Generate text augmented by vector search results

Perform a vector search on the embeddings to identify semantically similar PDF content, and then use the ML.GENERATE_TEXT function with the vector search results to augment the prompt input and improve the text generation results. In this case, the query uses information from the PDF chunks to answer a question about the change in family net worth over the past decade.
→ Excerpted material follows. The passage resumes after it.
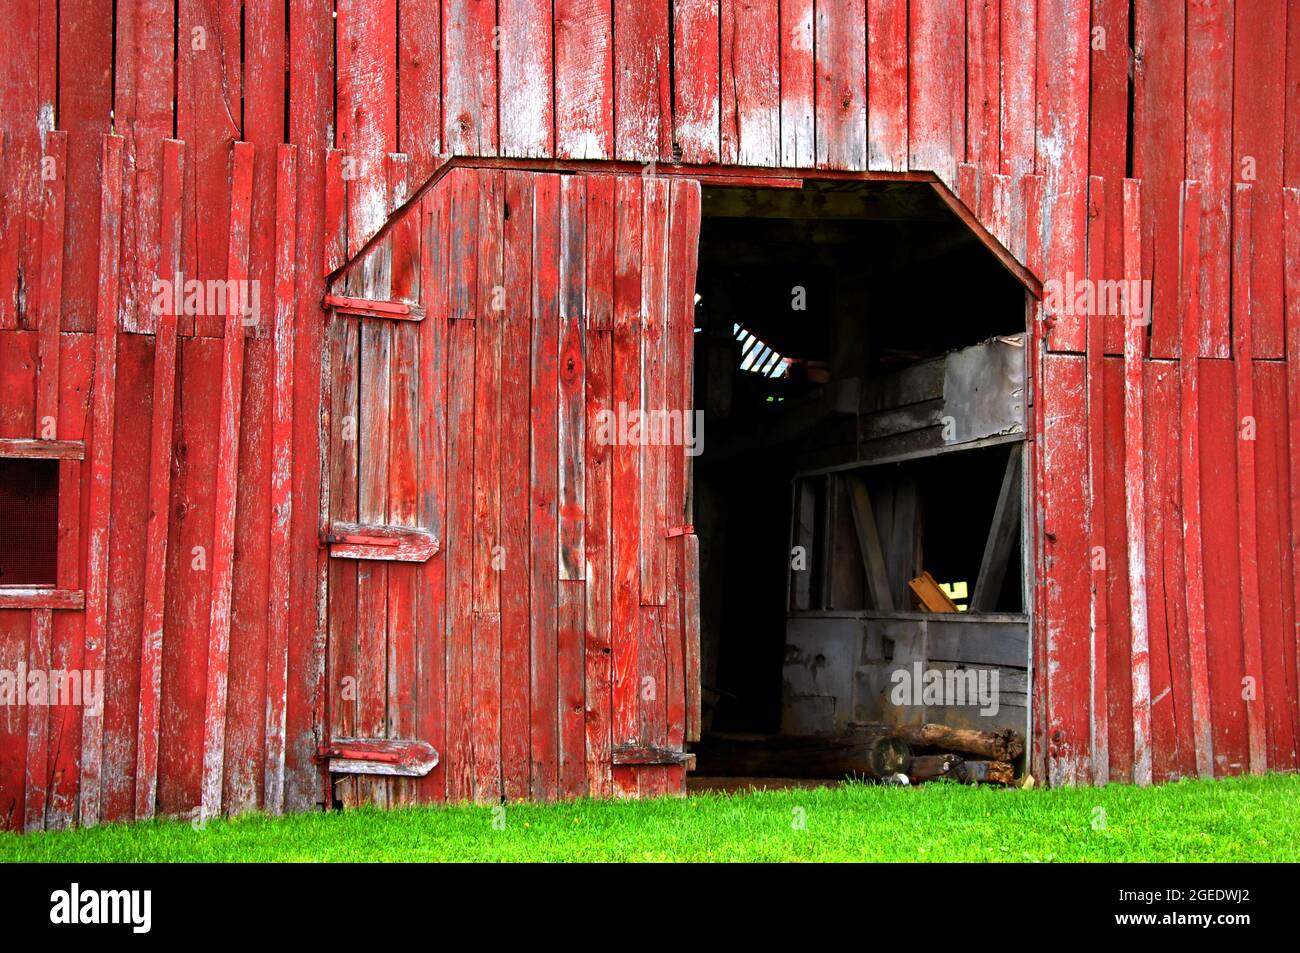 La grange en bois rouge est défraîchi et ancienne. Une porte est ouverte et l'autre est cassée. L'herbe verte vif couvre la base de la grange. Banque D'Images
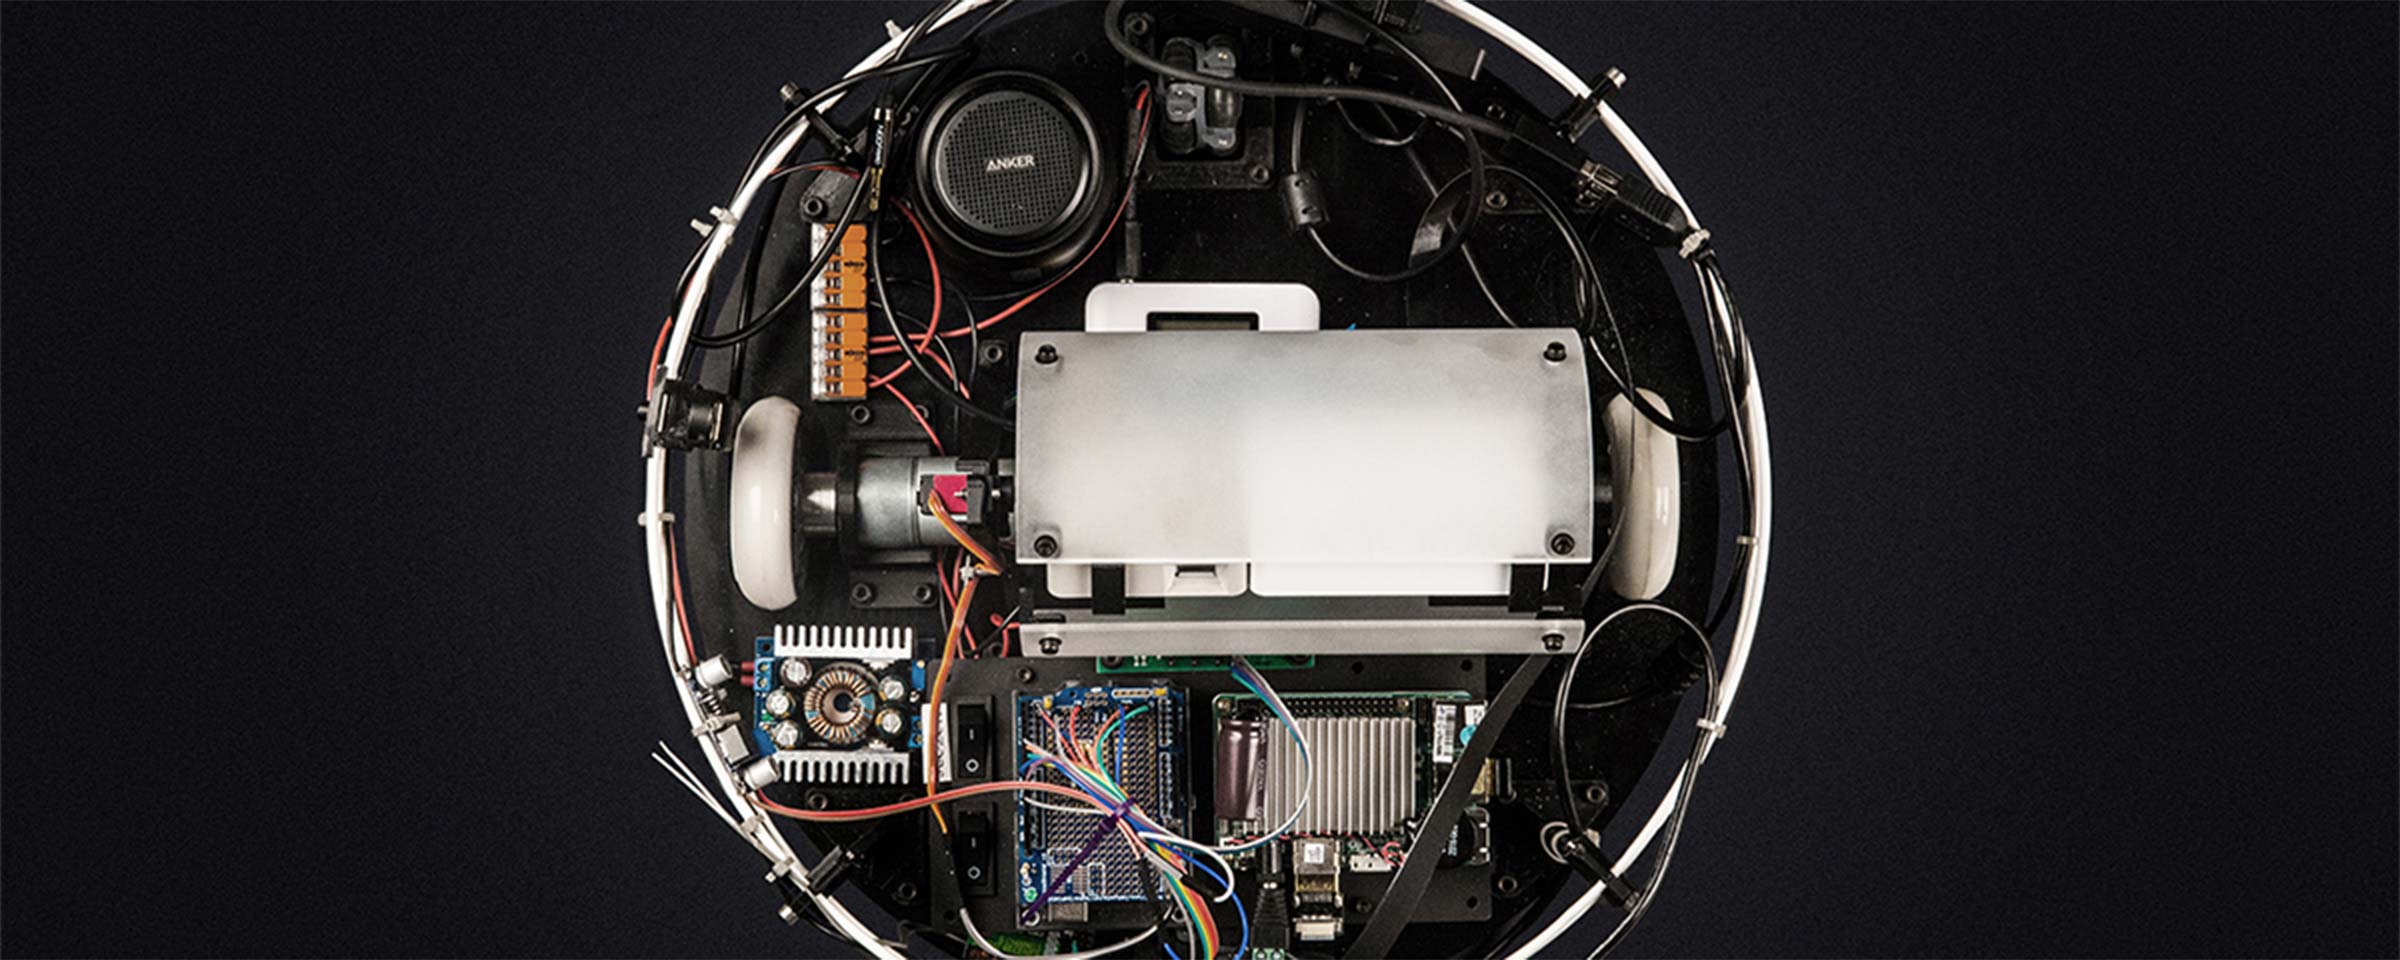 Draufsicht auf den Kopernikus Roboter mit freiliegender Technologie

  1. In the Google Cloud console, go to the BigQuery page.

    Go to BigQuery

  2. In the query editor, run the following statement:

    SELECT
      ml_generate_text_llm_result AS generated
      FROM
      ML.GENERATE_TEXT( MODEL `bqml_tutorial.text_model`,
        (
        SELECT
        CONCAT( 'Did the typical family net worth change? How does this compare the SCF survey a decade earlier? Be concise and use the following context:',
        STRING_AGG(FORMAT("context: %s and reference: %s", base.content, base.uri), ',\n')) AS prompt,
        FROM
          VECTOR_SEARCH( TABLE
            `bqml_tutorial.embeddings`,
            'ml_generate_embedding_result',
            (
            SELECT
              ml_generate_embedding_result,
              content AS query
            FROM
              ML.GENERATE_EMBEDDING( MODEL `bqml_tutorial.embedding_model`,
                (
                SELECT
                  'Did the typical family net worth change? How does this compare the SCF survey a decade earlier?' AS content
                )
              )
            ),
            top_k => 10,
            OPTIONS => '{"fraction_lists_to_search": 0.01}')
          ),
          STRUCT(512 AS max_output_tokens, TRUE AS flatten_json_output)
      );
    

    The output is similar to the following:

    +-------------------------------------------------------------------------------+
    |               generated                                                       |
    +-------------------------------------------------------------------------------+
    | Between the 2019 and 2022 Survey of Consumer Finances (SCF), real median      |
    | family net worth surged 37 percent to $192,900, and real mean net worth       |
    | increased 23 percent to $1,063,700.  This represents the largest three-year   |
    | increase in median net worth in the history of the modern SCF, exceeding the  |
    | next largest by more than double.  In contrast, between 2010 and 2013, real   |
    | median net worth decreased 2 percent, and real mean net worth remained        |
    | unchanged.                                                                    |
    +-------------------------------------------------------------------------------+
     

Clean up

  1. In the Google Cloud console, go to the Manage resources page.

    Go to Manage resources

  2. In the project list, select the project that you want to delete, and then click Delete.
  3. In the dialog, type the project ID, and then click Shut down to delete the project.